Take your pain medication before you see the surgeon for suture removals…it will reduce your stress and pain insurmountably… and have a friend or spouse drive you both ways. These are not visits to go to on your own. Don’t be surprised about: not being able to yawn widely (yet); I still have some reduced sensation around my jawline, near my ears, … and as such have difficulty sleeping on my side… but things have improved dramatically since my surgery, and I suspect will continue to do so.
Invest in Trish McEvoyeyeshadow brushes. In my experience, they are the best available and will do the job beautifully with the least stress on you new lids.
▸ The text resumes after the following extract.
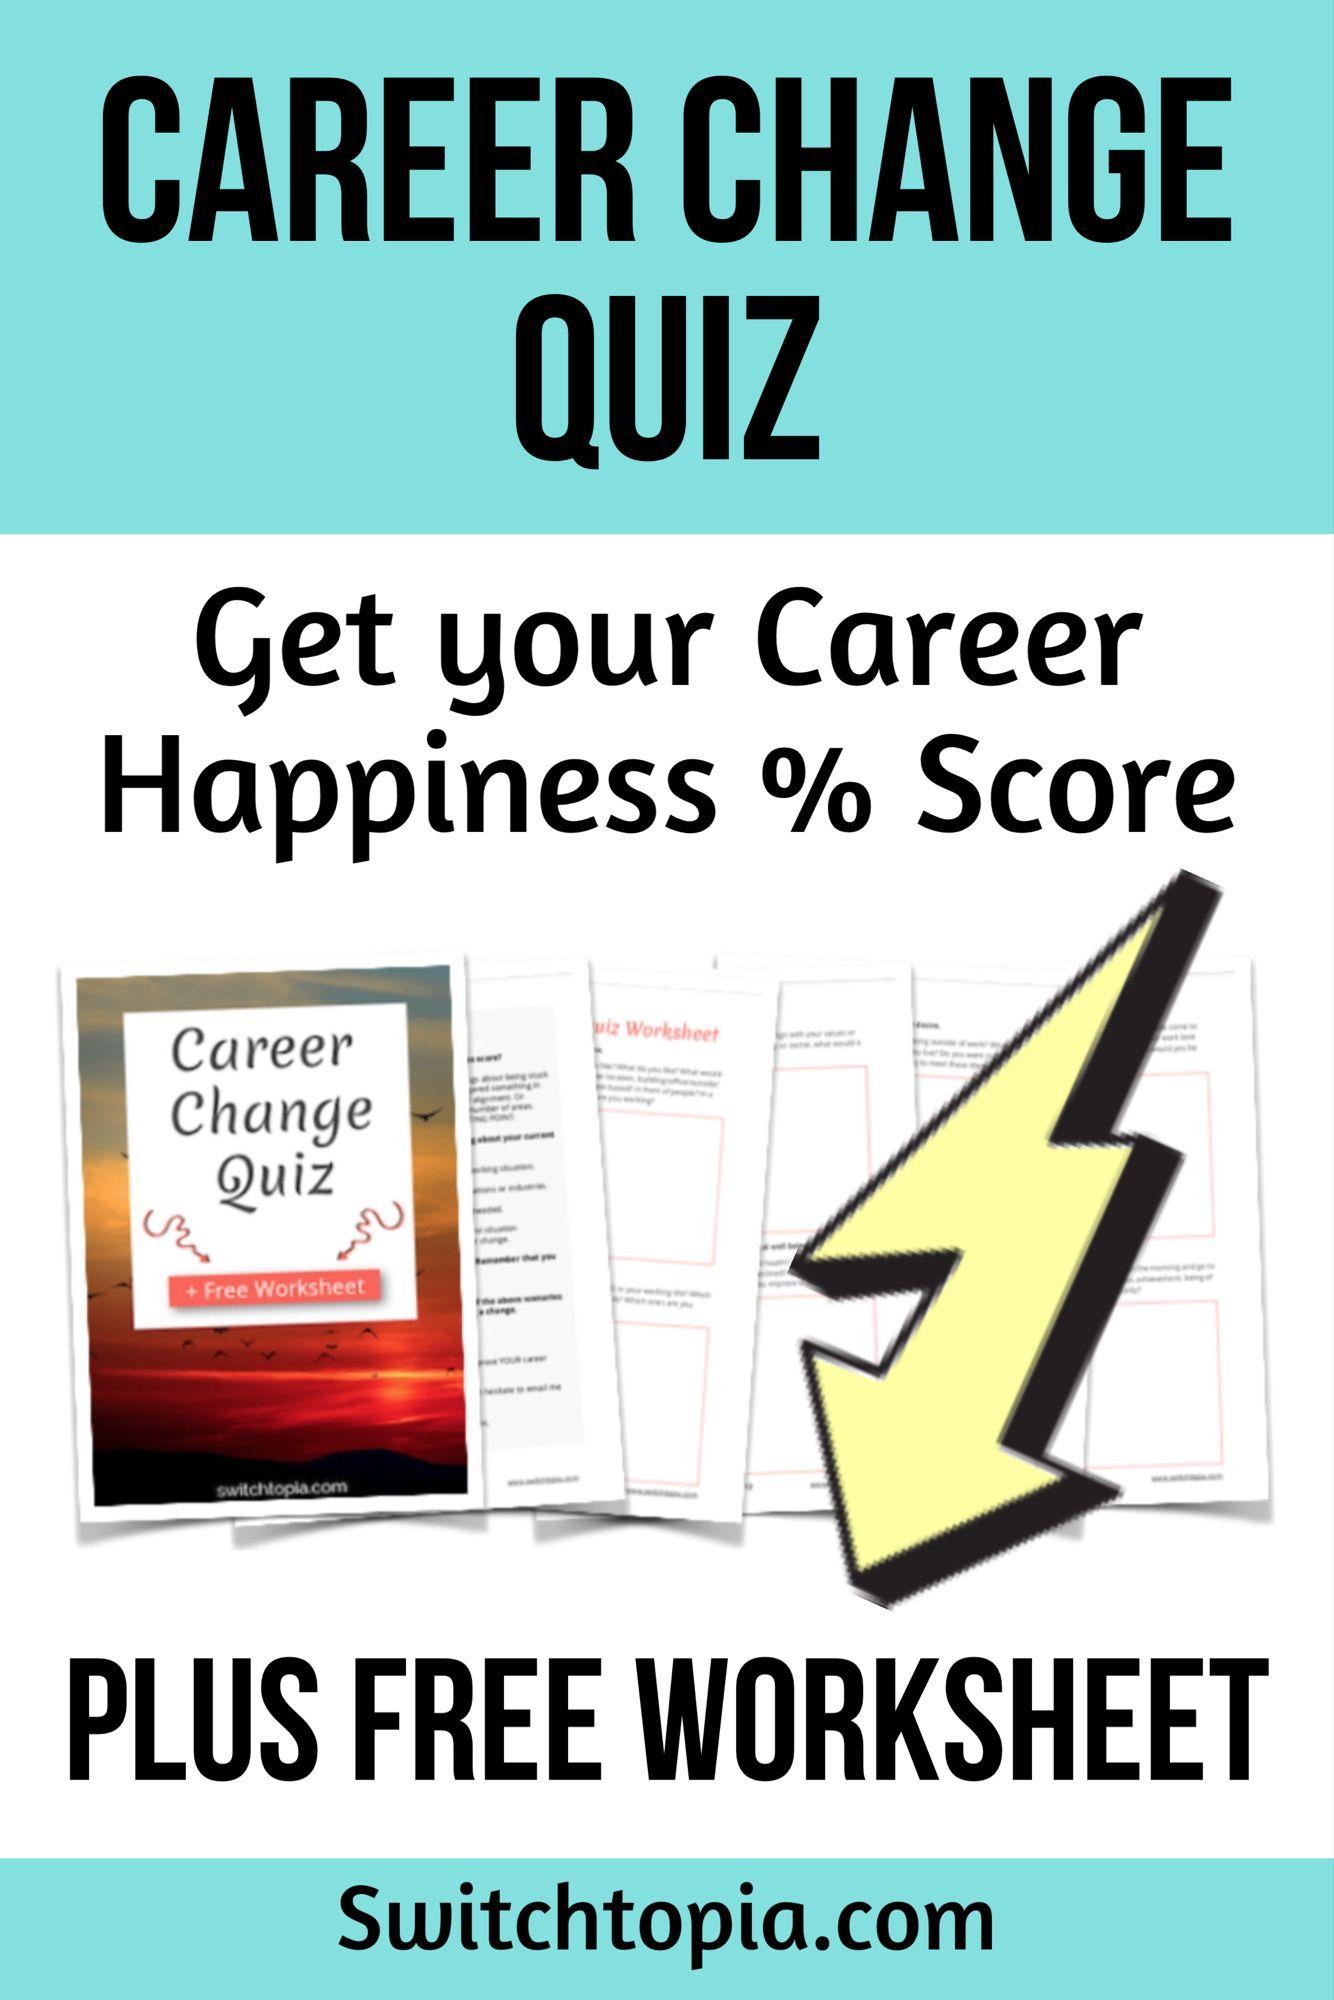 Career Change Quiz

Initially, my lashes did not feel like my own, but now they do… anything you can do to reduce undue stress and pressure on your new eyes will help you immensely.
I also committed to giving up jogging as well as any high impact exercises, as they would all contribute to “pulling down” on what Dr. Creasman worked so hard on “pulling up”. I now participate in low impact step aerobics, do free weights, ball class, and step’n’sculpt, all of which are stretching, toning, strengthening, but all low impact. I also walk with friends around our property complex, about 4 ½ miles, at a good clip. Mentally, I can commit to this, and am doing this of my own volition. I feel wonderful and believe I’m still getting good exercise but less stressfully than before.
In summary, I am happy with my decision, my surgeon, my surgery experience, and my outcome. I wish you all the best for yours!